Reputation: 693
I repeatedly encounter this type of task in different contexts in my work. I've used various approaches to address it in the past (usually some awkward combo of lag, diff, etc.), but keep thinking there must be a better, more general, more efficient way. The goal is to label groups in a new variable based on sequential changes in another variable. For example:
var1a <- c("A","A","B","B","B","C","D","D","D","D","D")
should result in a new variable labeling the four groups:
var2a <- c(1, 1, 2, 2, 2, 3, 4, 4, 4, 4, 4)
Somewhat less trivially, this should be based on the grouping of the same values in sequence, not just unique values of var1. For example:
var1b <- c(1, 1, 1, 0, 0, 1, 0, 0, 0, 0, 0, 0)
should result in a new variable labeling the four groups:
var2b <- c(1, 1, 1, 2, 2, 3, 4, 4, 4, 4, 4, 4)
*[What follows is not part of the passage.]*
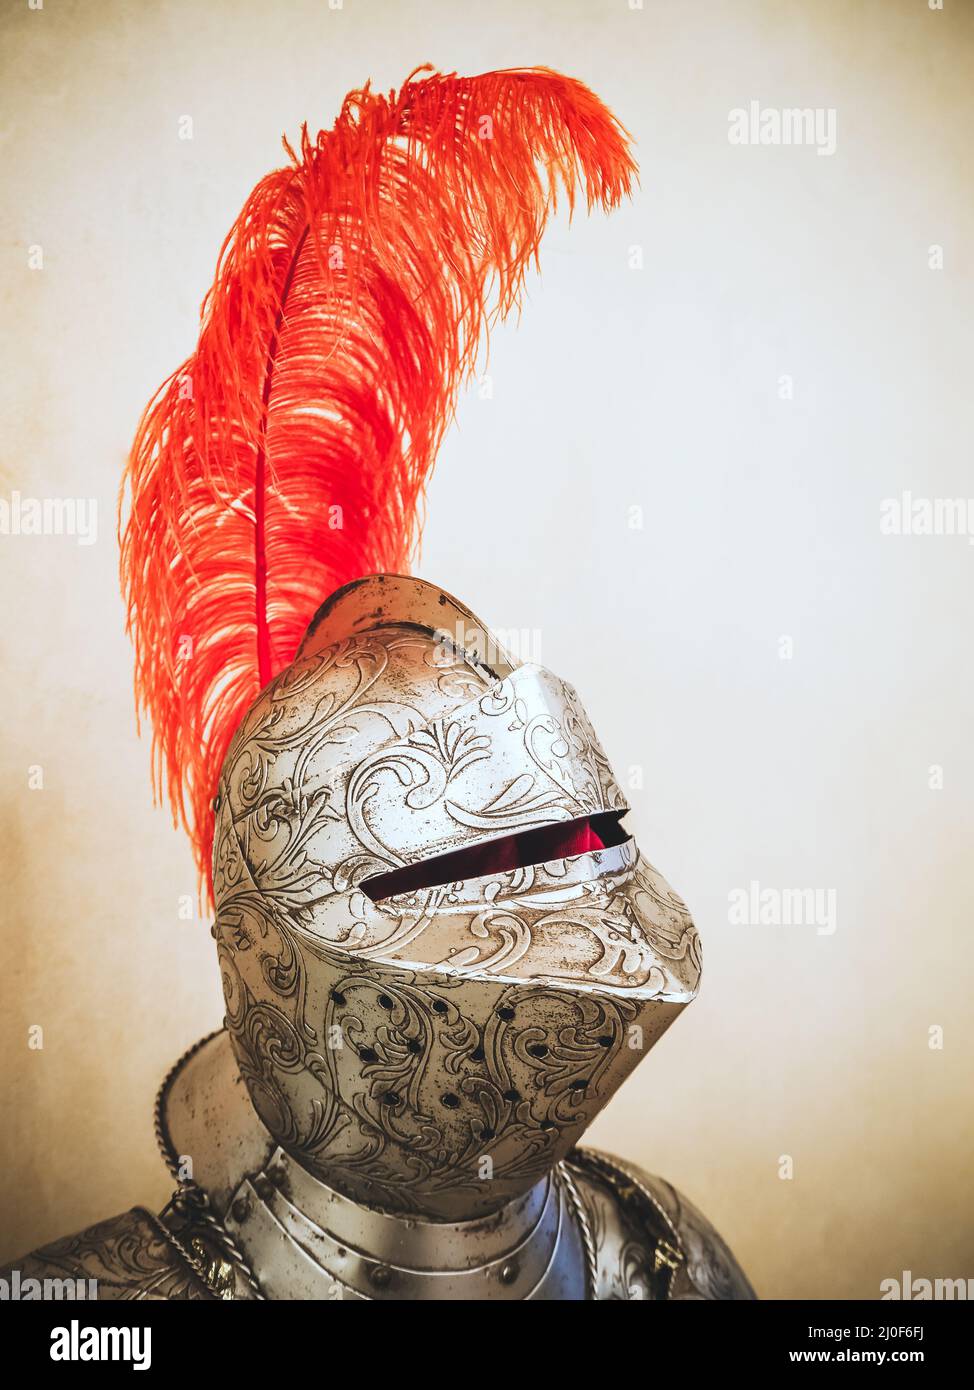 Russia, Sochi 14.03.2020. A medieval knight's metal helmet with patterned chasing and a long ostrich red feather Stock Photo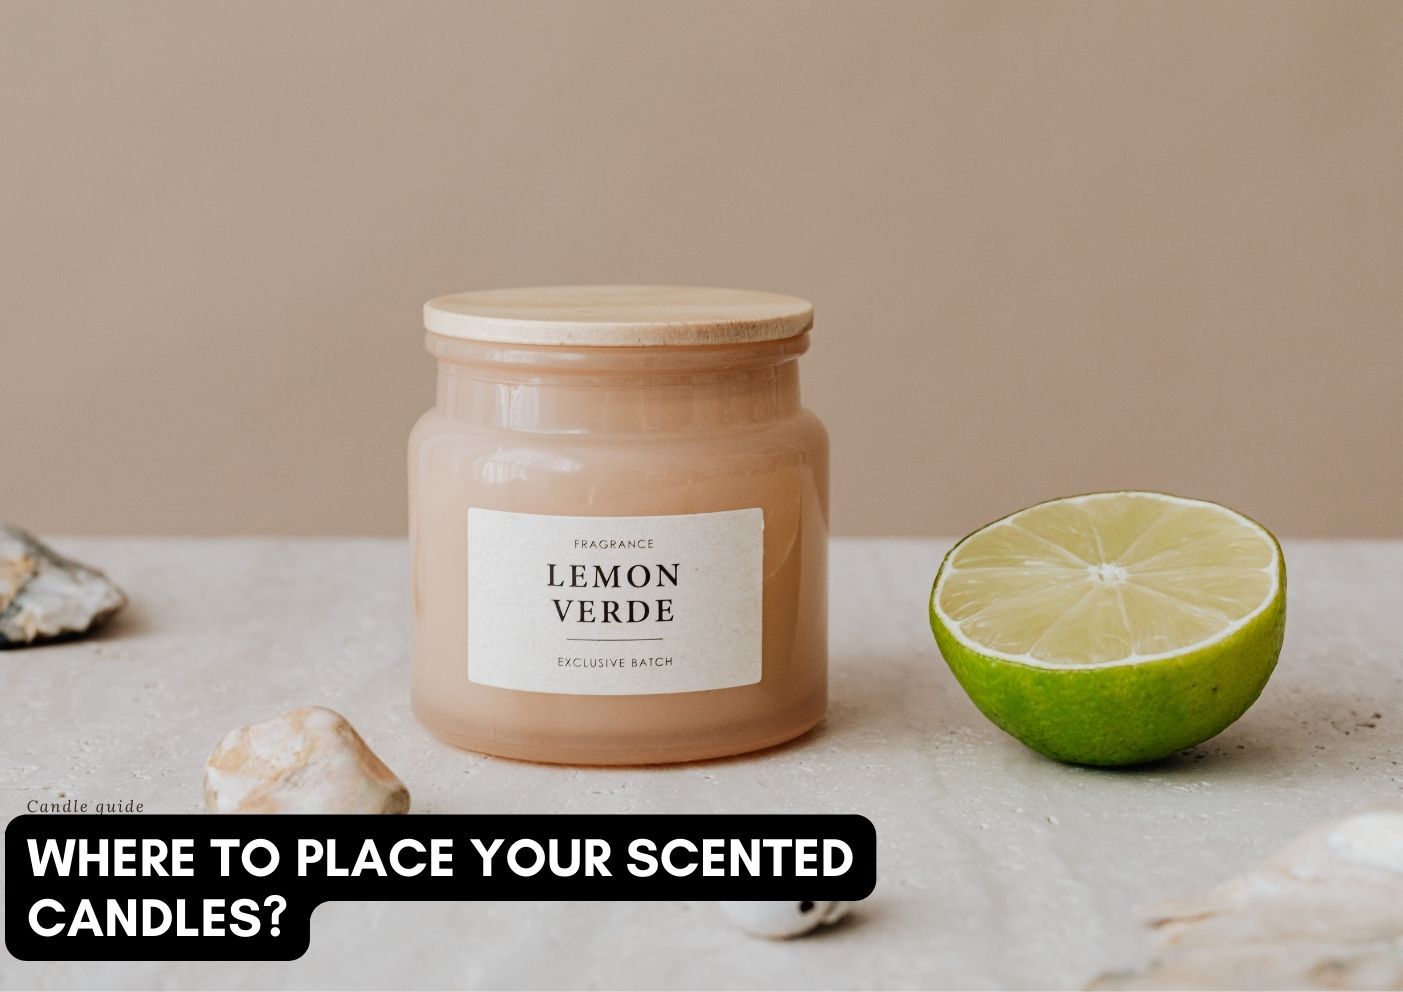 Where to Place Your Scented Candles?

And to clarify, when I say "efficient" I'm more interested in straightforward/readable/robust/general than in computationally efficient, though that also has some importance.
Upvotes: 1
Views: 162
Reputation: 263411
And I was going to echo Steve Kern's suggestion to coerce factor to numeric, but use this for the second Q:
> cumsum(c(1, diff(var1b)!=0))
[1] 1 1 1 2 2 3 4 4 4 4 4 4
I would point out that the question was ambiguous w.r.t. what would be the desired answer tot he first Q for
var1a <- c("A","A","B","B","B","C","D","D","D","D","D", "a", "A", "B", "B")
The rle
approach will give a different answer than the factor
approach.
Upvotes: 0
Reputation: 59385
You could use run length encoding (?rle
):
var1a <- c("A","A","B","B","B","C","D","D","D","D","D")
z <- rle(var1a)
var2a <- rep(1:length(z$lengths),z$lengths)
var2a
# [1] 1 1 2 2 2 3 4 4 4 4 4
var1b <- c(1, 1, 1, 0, 0, 1, 0, 0, 0, 0, 0, 0)
z <- rle(var1b)
var2b <- rep(1:length(z$lengths),z$lengths)
var2b
# [1] 1 1 1 2 2 3 4 4 4 4 4 4
Or, more generally,
get.groups <- function(x) with(rle(x),rep(1:length(lengths),lengths))
get.groups(var1a)
# [1] 1 1 2 2 2 3 4 4 4 4 4
get.groups(var1b)
# [1] 1 1 1 2 2 3 4 4 4 4 4 4
Upvotes: 3
Reputation: 596
To answer the first question, I try the following:
var2a <- as.integer(factor(var1a))
For the second question, I would use @jlhoward's suggestion of using rle
.
Upvotes: 0